The method of least squares is a parameter estimation technique in regression analysis that minimizes the sum of the squares of the residuals, which are the differences between observed values and the values predicted by a model. This technique is predominantly used in data fitting, where it is crucial for obtaining the best-fit line or curve that describes the data accurately.

Least squares problems are categorized into linear or ordinary least squares and nonlinear least squares, depending on whether the model functions are linear or not. Linear least squares problems have closed-form solutions, whereas nonlinear least squares problems typically require iterative refinement, approximating the system linearly at each iteration. [3], [4]

It is important to mention that although linear regression and least squares have similar purposes, there are essential differences between them. Linear regression is a statistical technique that models the relationship between variables, estimating how a scalar response depends on one or more explanatory variables. Simple linear regression involves one explanatory variable, while multiple linear regression involves more than one. Multivariate linear regression predicts multiple correlated dependent variables, and when explanatory variables are measured with error, errors-in-variables models are used.

Conversely, least squares regression is a method within linear regression used to estimate the parameters of the linear model by minimizing the sum of squared errors. Essentially, while linear regression defines the relationship between variables, the least squares method is used to achieve the best fit for this relationship.

Due to the wide range of applications for least squares, various methods are best suited for specific purposes, such as Ordinary Least Squares (OLS) and Nonlinear Least Squares (NLS) for basic applications; Weighted Least Squares (WLS) and Structured Least Squares (SLS) for weighted and structured approaches; Generalized Least Squares (GLS) and Total Least Squares (TLS) for advanced and generalized methods; Ridge Regression (Regularized Least Squares) and Lasso Regression (Least Absolute Shrinkage and Selection Operator) for regularization techniques; Robust Regression and Iteratively Reweighted Least Squares (IRLS) for robust and iterative methods; and Partial Least Squares (PLS) and Bayesian Least Squares for specialized techniques.
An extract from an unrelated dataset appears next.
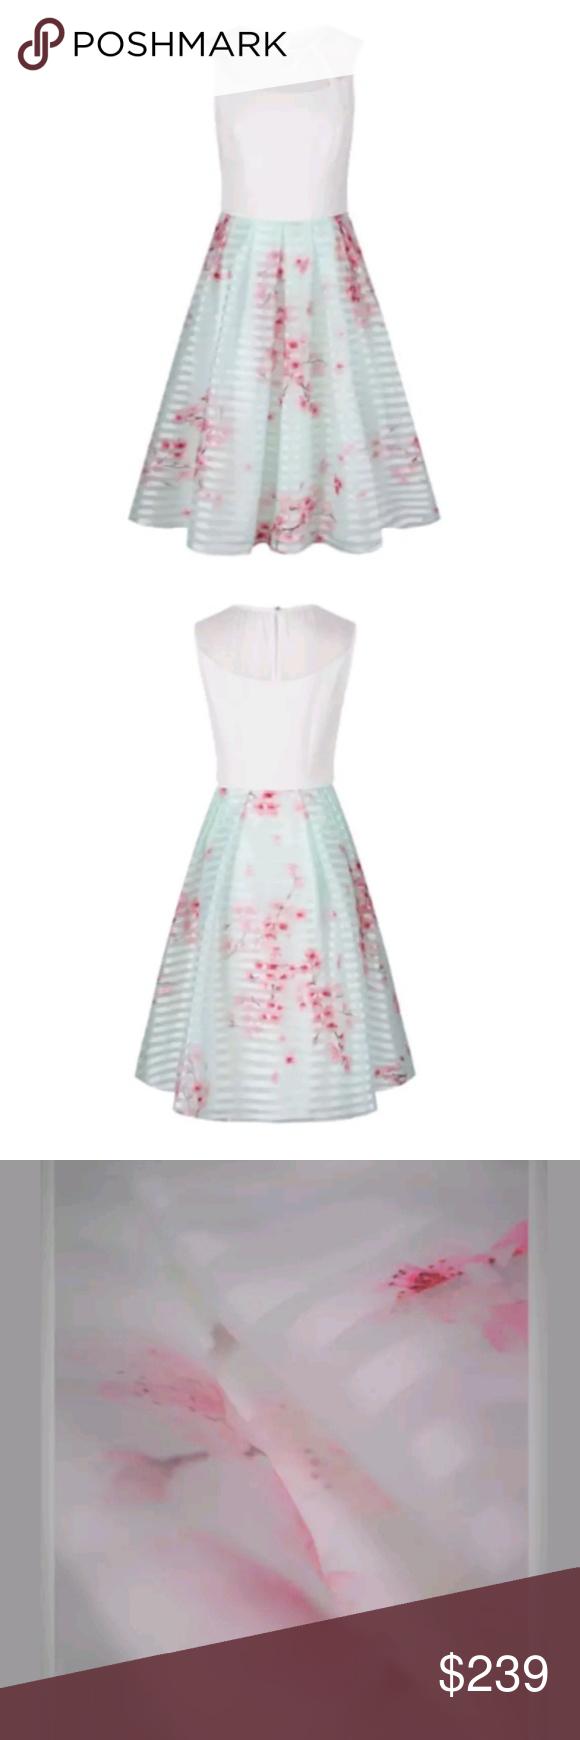 03220271f Ted Baker London Idola Soft Blossom Contrast Dress Ted Baker London Idola  Soft Blossom Contrast Dress
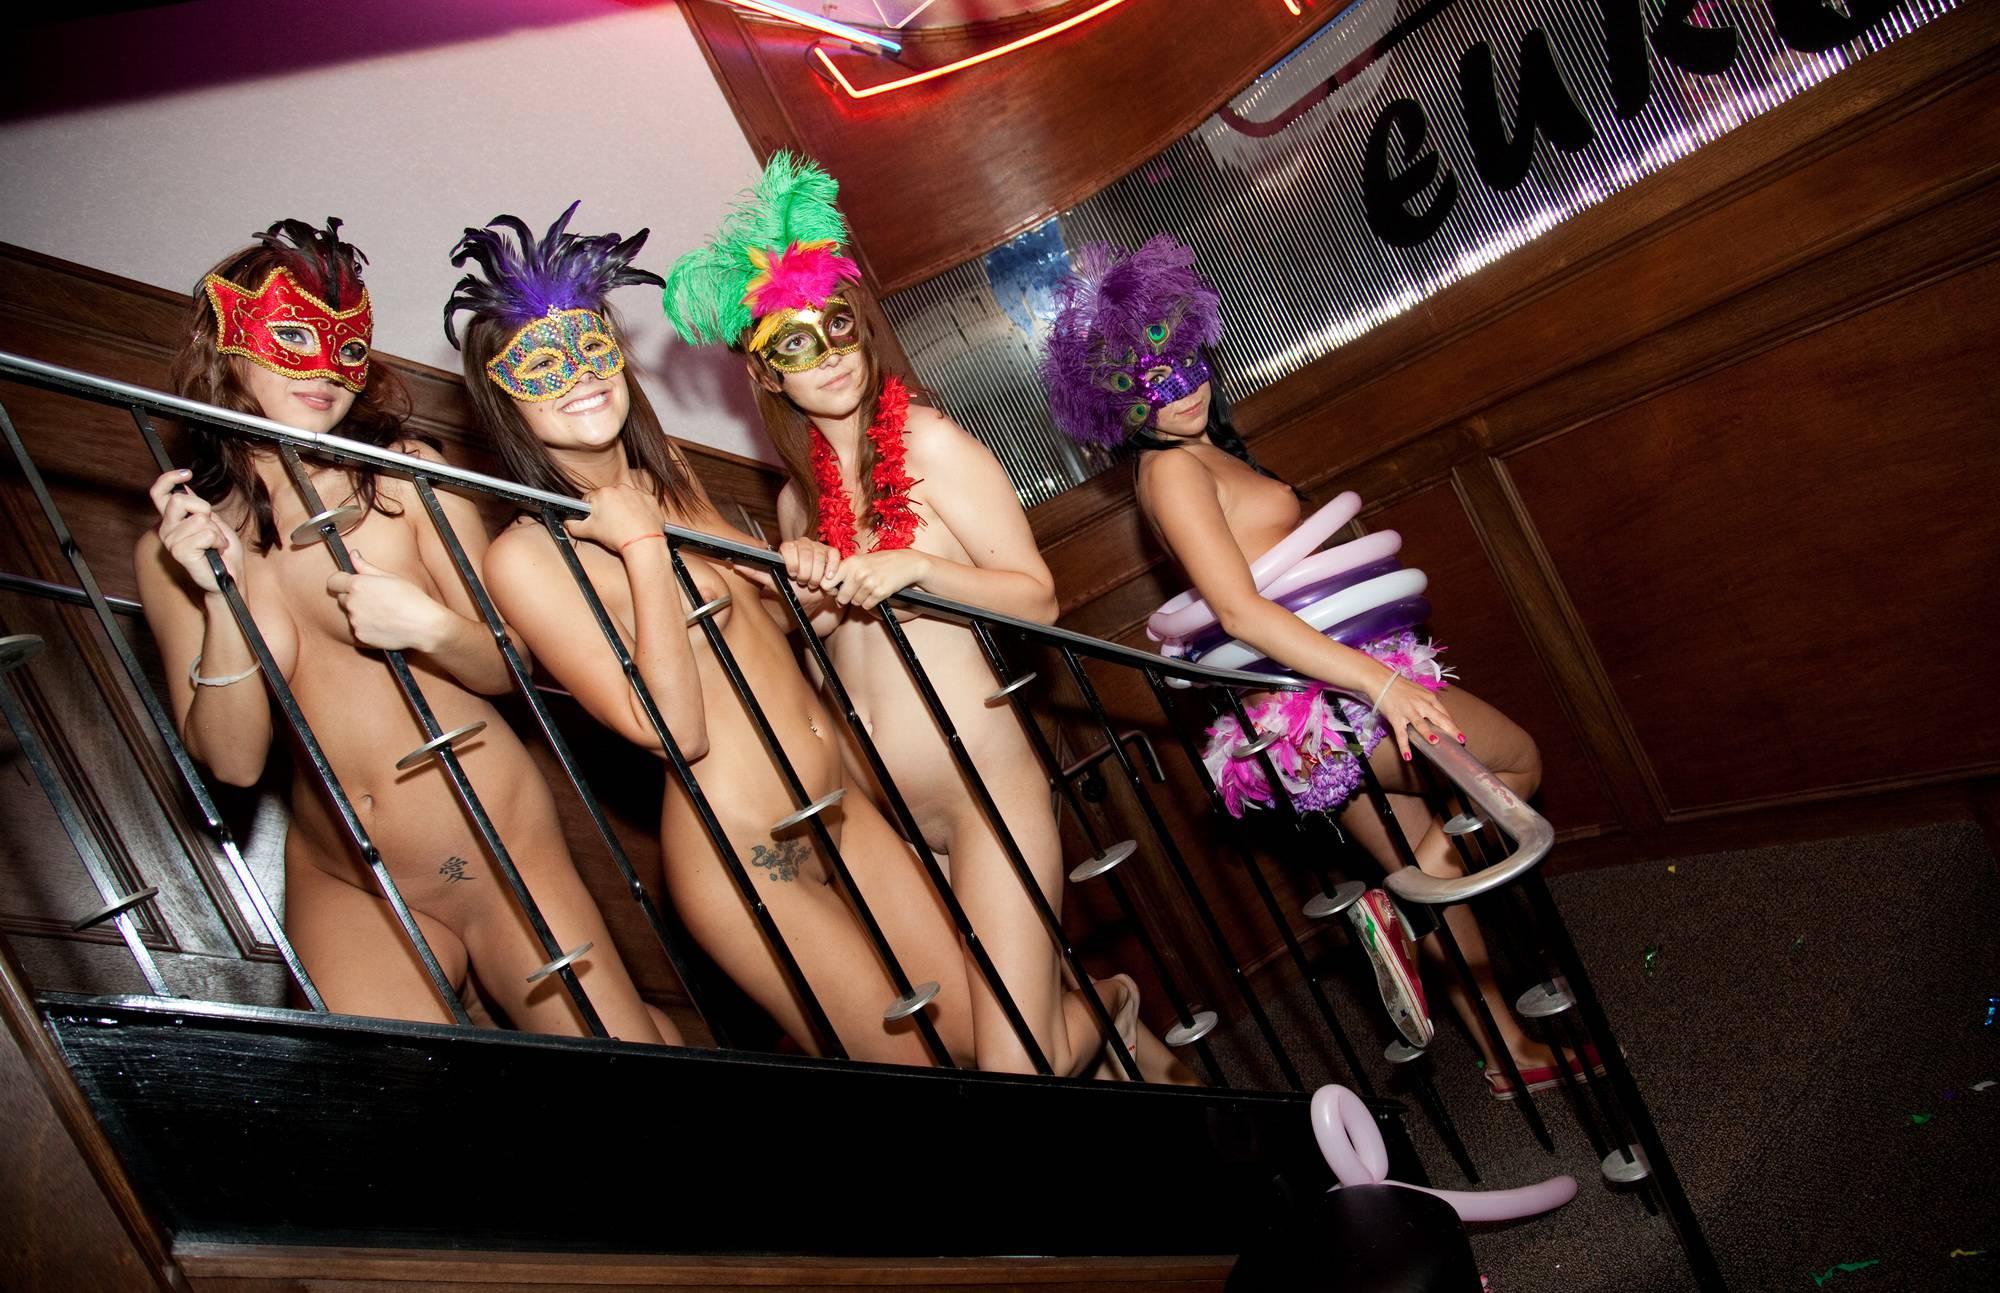 Purenudism Gallery-Masquerade Stairs Galore - 4

Ordinary Least Squares (OLS): It is a method for estimating the unknown parameters in a linear regression model by minimizing the sum of the squared differences between the observed dependent variable (y) and the values predicted by the linear function of the independent variable(s). OLS assumes that the relationship between the dependent and independent variables is linear and provides a closed-form solution, allowing direct computation of parameter estimates using matrix algebra. The method seeks to minimize the sum of the squared residuals, where a residual is the difference between an observed value and the value predicted by the model. OLS is based on the assumptions that the errors (residuals) are normally distributed, have constant variance (homoscedasticity), and are uncorrelated. This method is widely used in fields such as economics, finance, engineering, and social sciences to model relationships between variables and make predictions.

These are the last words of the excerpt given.